Diffusion Tensor Brain MRI in the Detection of Structural Abnormality of the White Substance in Concussion

NCT06144359 · Status: RECRUITING · Phase: NA · Type: INTERVENTIONAL · Enrollment: 80

Last updated 2023-11-22

No results posted yet for this study

Summary

Concussions in sports are a major public health problem because of their frequency, and are often underdiagnosed because of an unspecific clinical picture or sometimes masked by the concussion itself.

Support data has been constantly evolving in recent years, including the last publication of the Berlin Consensus in 2016 specifying support in the field. However, to date, there is no tool to predict the severity of a concussion or to predict when it will return to play objectively and reliably.

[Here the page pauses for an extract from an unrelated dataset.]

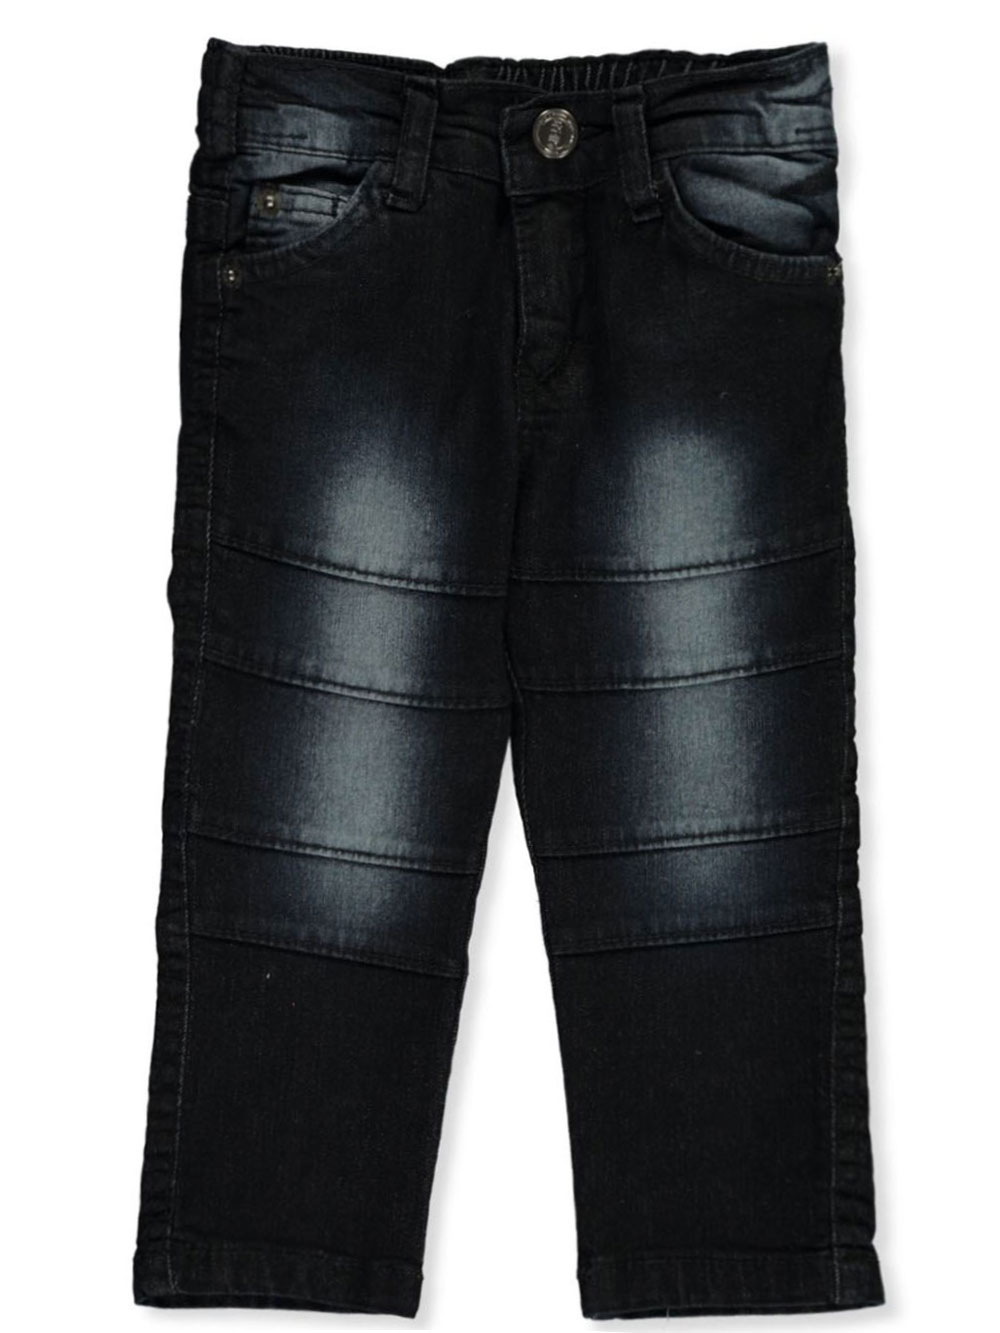 gs115 jeans website

Brain MRI done after the head injury is most often normal. However, previous studies agree that there is a persistent electrophysiologic disturbance several weeks after the injury, and the specific pathophysiology of white matter changes after a head injury remains controversial.

Diffusion tensor imaging (DTI), in addition to morphological sequences, is capable of assessing white matter microstructure and fibrous tract integrity or not. Several parameters, such as the seemingly normal white matter fractional anisotropy (FA) coefficient, the mean diffusivity and the radial diffusivity, may be altered in the aftermath of a concussion, indicating axonal damage not visible on conventional MRI sequences.

Previous studies have evaluated these parameters with sometimes contradictory results: some have found an increase in AF in specific regions such as the cortico-spinal tract and the corpus callosum, others have found a decrease in AF.

So far, assessment of a player's condition on and off the field after a head injury has been based on clinical criteria alone, sometimes far too subjective. The player may choose to mask their symptoms to allow them to return to the game faster, or feign more than they have. Once pathologies such as bone fractures or intracranial hematomas are ruled out by conventional imaging, there is no longer any tool for a more accurate diagnosis of possible microstructural alterations of brain tissue and for monitoring of the patient.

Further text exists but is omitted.